LAMARC Documentation: Tutorial

LAMARC tutorial

This tutorial is designed to be read from beginning to end, but if you like you can jump straight to:

Why should I use LAMARC?

Lamarc is a tool for studying populations. It can estimate:

Effective population size
Migration rates between populations
Changes to population size with time (growth rates)
Recombination rates
Variations of mutation rates across genomic regions (gamma)
Fine-scale mapping of trait data

It can estimate them all at once or hold some of them fixed while estimating the rest. If this is the sort of information you're after, LAMARC can help.

First off, you need genetic data. This might be standard genetic data like DNA or SNP sequences, or microsatellite counts, or it could (with version 2.0) be observations with genetic underpinnings, like phenotypic observations or electrophoretic data. More data will result in more accurate results, but it's important to note that the addition of more individuals, after a certain point (10-15 per population), is much less helpful than the addition of more independent genetic regions. The history of a known region in an additional individual is probably similar to that of its cohorts. The history of a new unlinked region from the same (or new) set of individuals is almost certainly very different from that of the old region, and therefore more likely to hold new information.

Secondly, you need a computer. In particular, you probably need a computer with a lot of memory. A good LAMARC work-out can use hundreds of megabytes of RAM, and for particularly ambitious analyses with lots of data, gigabytes are probably called for. For learning purposes, LAMARC can run on more limited computers, if you're careful to give it a limited data set and not allow it to record too many observations.

Finally, you need some time. The total amount of time can vary from data set to data set, but it's not unusual for a complete, solid run of LAMARC to take a week or two. Larger data sets requiring full error analysis (profiling) can take a month or longer. However, it would be a mistake to throw all your data at LAMARC in January, then write to us in May asking when you could expect results. The answer would probably be a tragic, "LAMARC ran out of memory, and inexplicably failed to crash." Much better, instead, to test LAMARC on subsets of your data and get preliminary results in a day, which will then help you determine how best to analyze your full data set. This tutorial is designed to help you do just that.

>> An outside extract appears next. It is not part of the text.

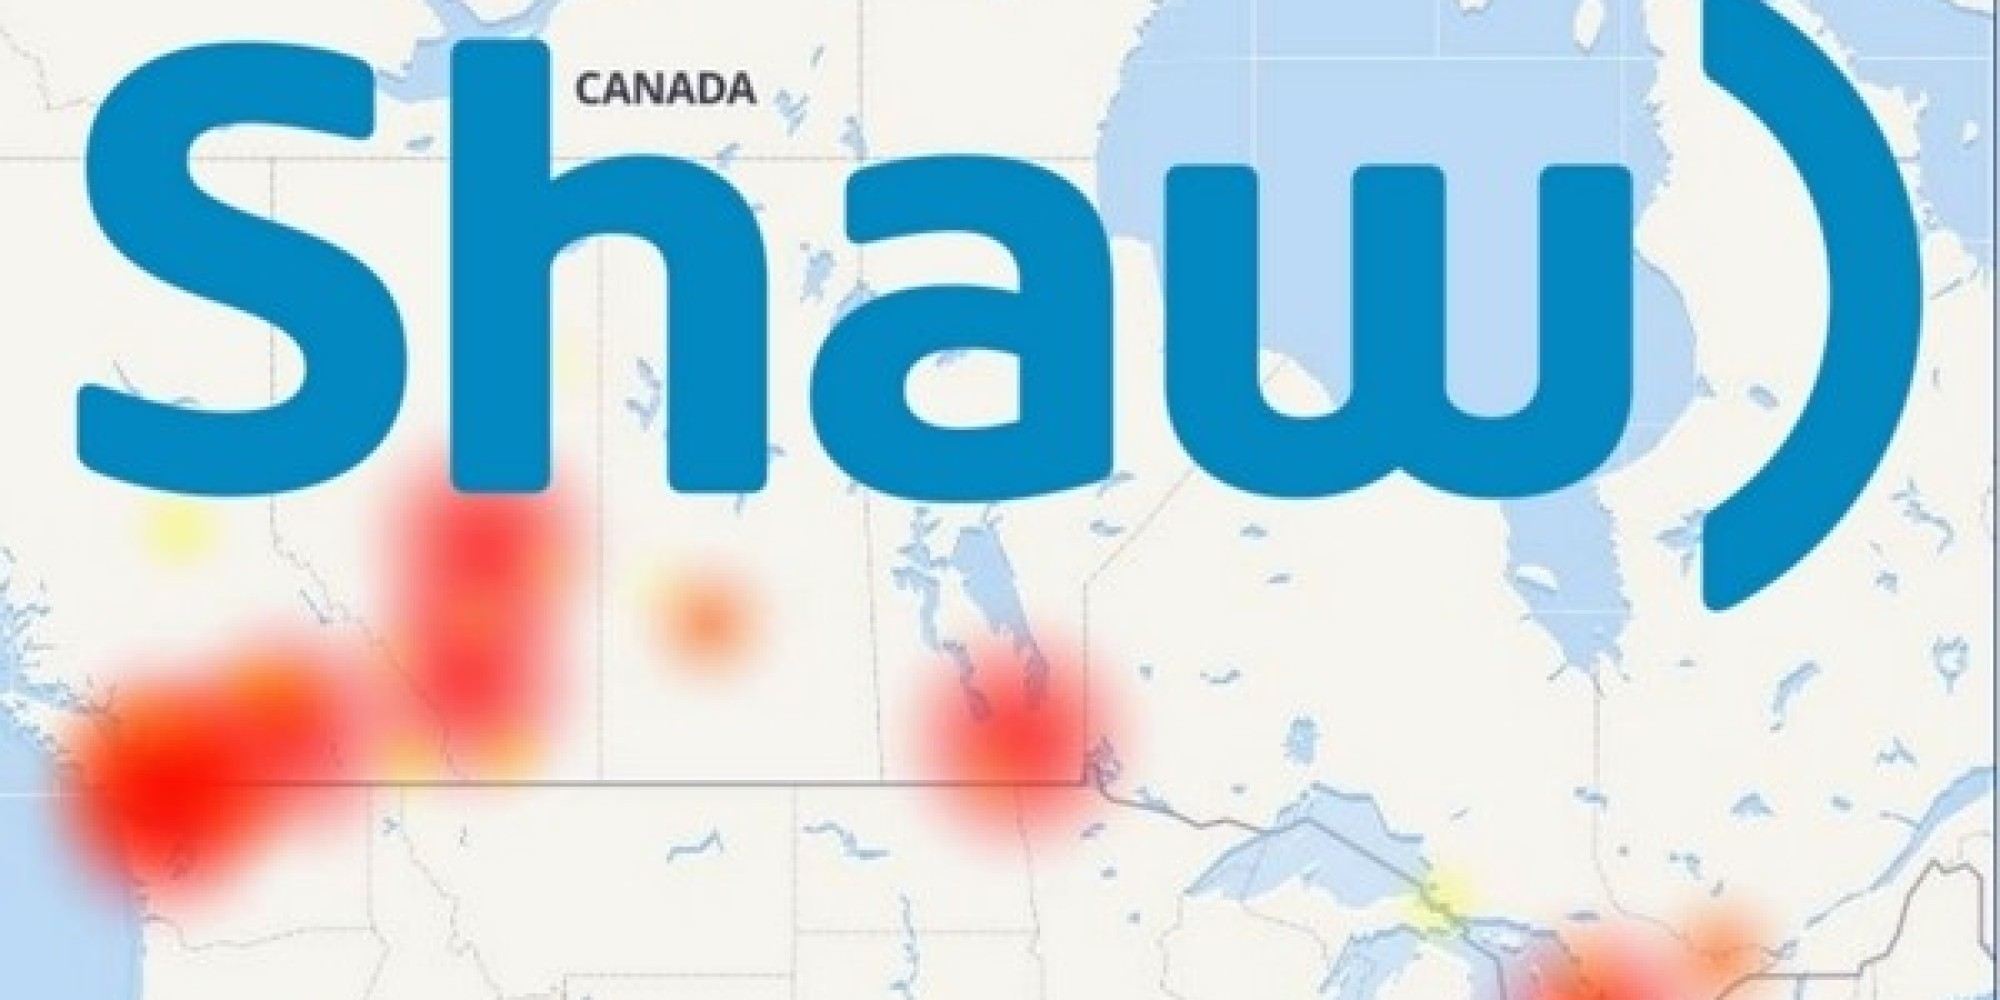 shaw home internet

One caveat: some enterprising souls, having lots of computers and little time, may think, 'Aha! I can solve my problem of having no time by running the parallelized version of LAMARC!' Which would be a great idea, if such a thing existed. There is a parallel version of MIGRATE, so if you only want to estimate effective population sizes and migration rates, that option is open to you. If your LAMARC run contains multiple regions or does multiple replicates, you can separate them into different files, run with summary files turned on and recombine them using poor man's parallelization . But if those options don't appeal to you, you're stuck waiting for single runs to finish. Sorry.

OK, I got my data. Now what?

Hang on, let's take this slowly. If this is your first time using LAMARC, I strongly recommend using only a subset of your data, to get a feel for how the program works, first.

If you have multiple populations, let's select two of them to start with. If you know something about the migration patterns of the populace already, pick two populations you know share migrants. Then select around 10 individuals from each population. If you're only studying one population, pick 10-15 individuals. If you want accurate results, it's vitally important that you pick these individuals randomly from your data set, and not on the basis of them being the 'most different' or 'most interesting'. You can grossly distort your results should you rely on such a scheme.

Next, pick one region to analyze. If you have DNA or SNP data, that means one continuous stretch of sequence. If you have microsat data, that probably means just one microsatellite, though if you happen to have linked microsat data, it could be those linked microsats.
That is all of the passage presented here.